By Anne Sherry, J.D.
The SEC adopted new rules regarding the governance of registered clearing agencies. New Exchange Act Rule 17ad-25 fulfills a Dodd-Frank mandate to mitigate conflicts of interest for security-based-swap clearing agencies. The rules establish new requirements for board and committee composition, independent directors and committees, management of conflicts, and board oversight. Clearinghouses must abide by most of the rules starting a year from publication in the Federal Register, with an extra year for the board independence requirements (Clearing Agency Governance and Conflicts of Interest, Release No. 34-98959, November 16, 2023).
In a statement, SEC Chair Gary Gensler said the rule is meant to promote board independence, consider the views of relevant stakeholders, and reduce the potential for conflicts of interest within the board and senior management. The SEC first proposed the new regulation last August.

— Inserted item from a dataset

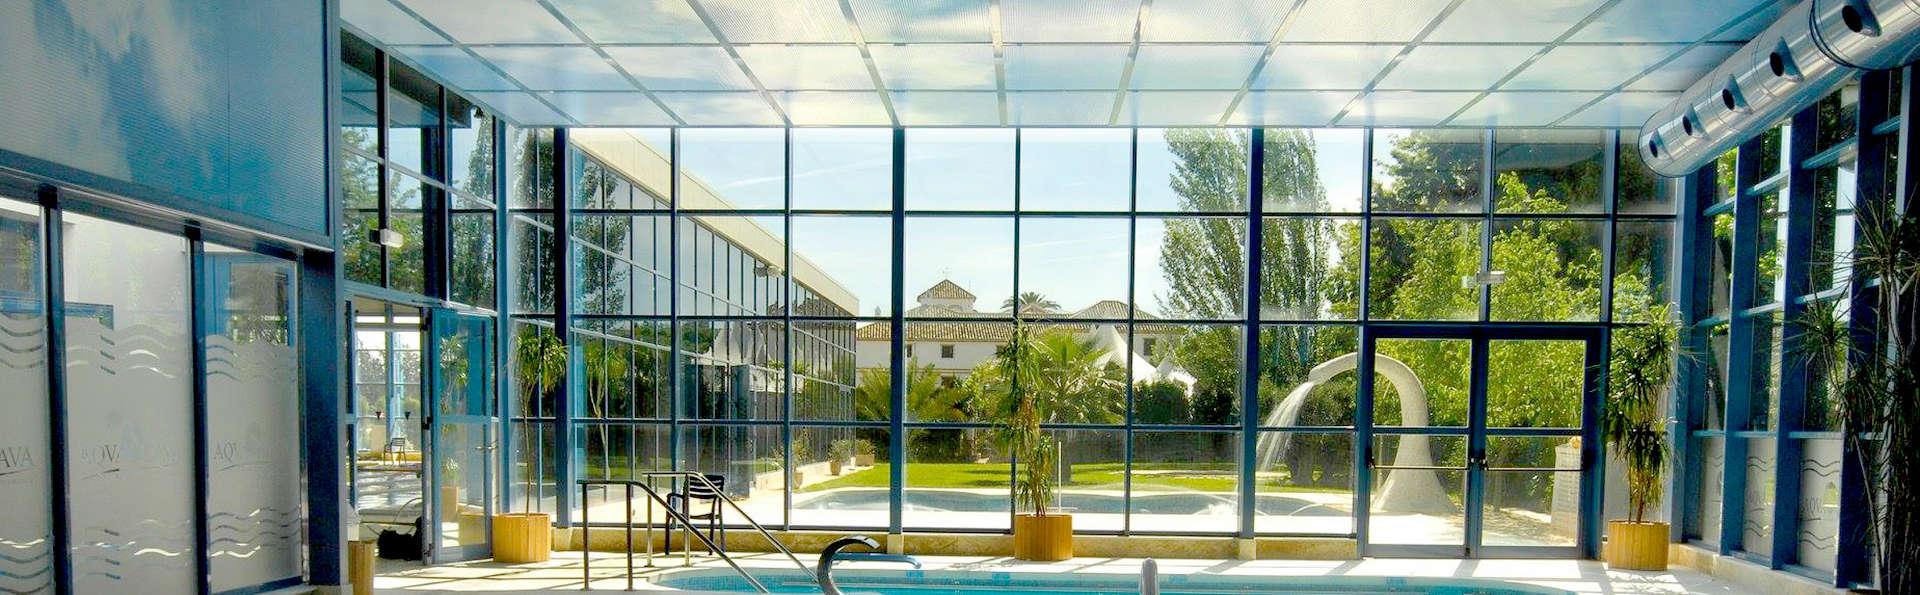 Escápate y relájate rodeado de jardines en este precioso hotel de Antequera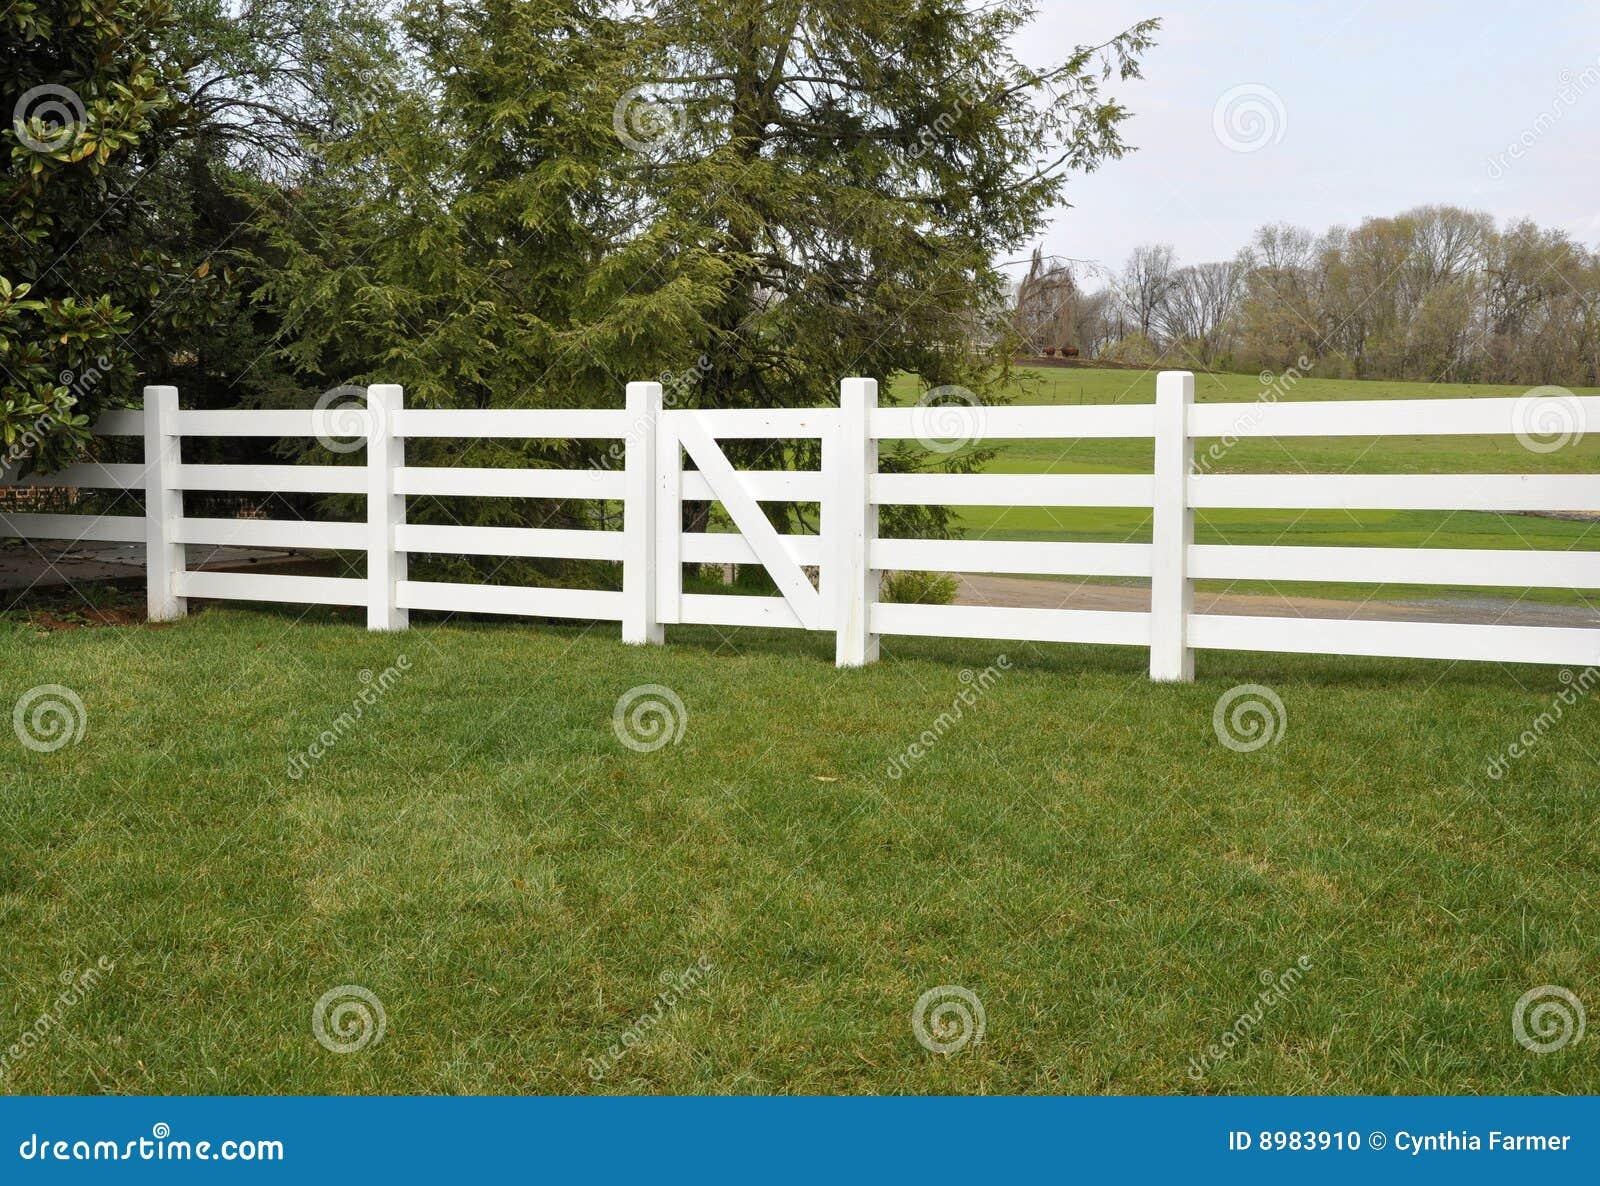 weißer zaun durch eine wiese stockfoto - bild von sperre, lang: 8983910

Independence requirements. Under the new rule, a majority of the board of a registered clearing agency must be independent directors (unless a majority of voting rights are held by participants, in which case the independence requirement is 34 percent of the board). An independent director is one who has no material relationship (either currently or looking back one year) with the clearinghouse or an affiliate. It is up to the clearinghouse to make an affirmative determination that a director is not precluded from being an independent director.
In addition to these definitions, the rule sets out some circumstances that preclude a director from being independent, again subject to a one-year lookback period. For example, a director is not independent if they are subject to rules that undermine their ability to act unimpeded, such as removal by less than a majority of shares. A director is not independent if they or a family member are employees of or receive payments from the registered clearing agency or an affiliate (other than compensation as a director). A director cannot be independent if they are an executive of another entity whose compensation committee includes executive officers of the clearing agency, or if they or a family member is a partner of the clearing agency’s outside auditor or an employee working on an audit of the clearing agency.
Committees. Each registered clearing agency must establish a nominating committee with a written process for evaluating director nominees. A majority of directors on the committee, and its chair, must be independent. A clearinghouse must also establish at least one risk management committee that includes representatives from the owners and participants of the clearinghouse.
If any committee has authority to act on behalf of the board, the committee must meet the same independence threshold as is required for the board.
Policies and procedures. The rule also requires clearinghouses to establish written policies and procedures to identify and mitigate conflicts of interest. Policies and procedures must require a director to document and inform the clearinghouse of a conflict of interest. Policies must also account for risks from relationships with third-party providers of core services. Finally, the clearinghouse must establish policies and procedures to require the board to “solicit, consider, and document its consideration of the views of participants and other relevant stakeholders of the registered clearing agency regarding material developments in its risk management and operations on a recurring basis.”
This is Release No. 34-98959.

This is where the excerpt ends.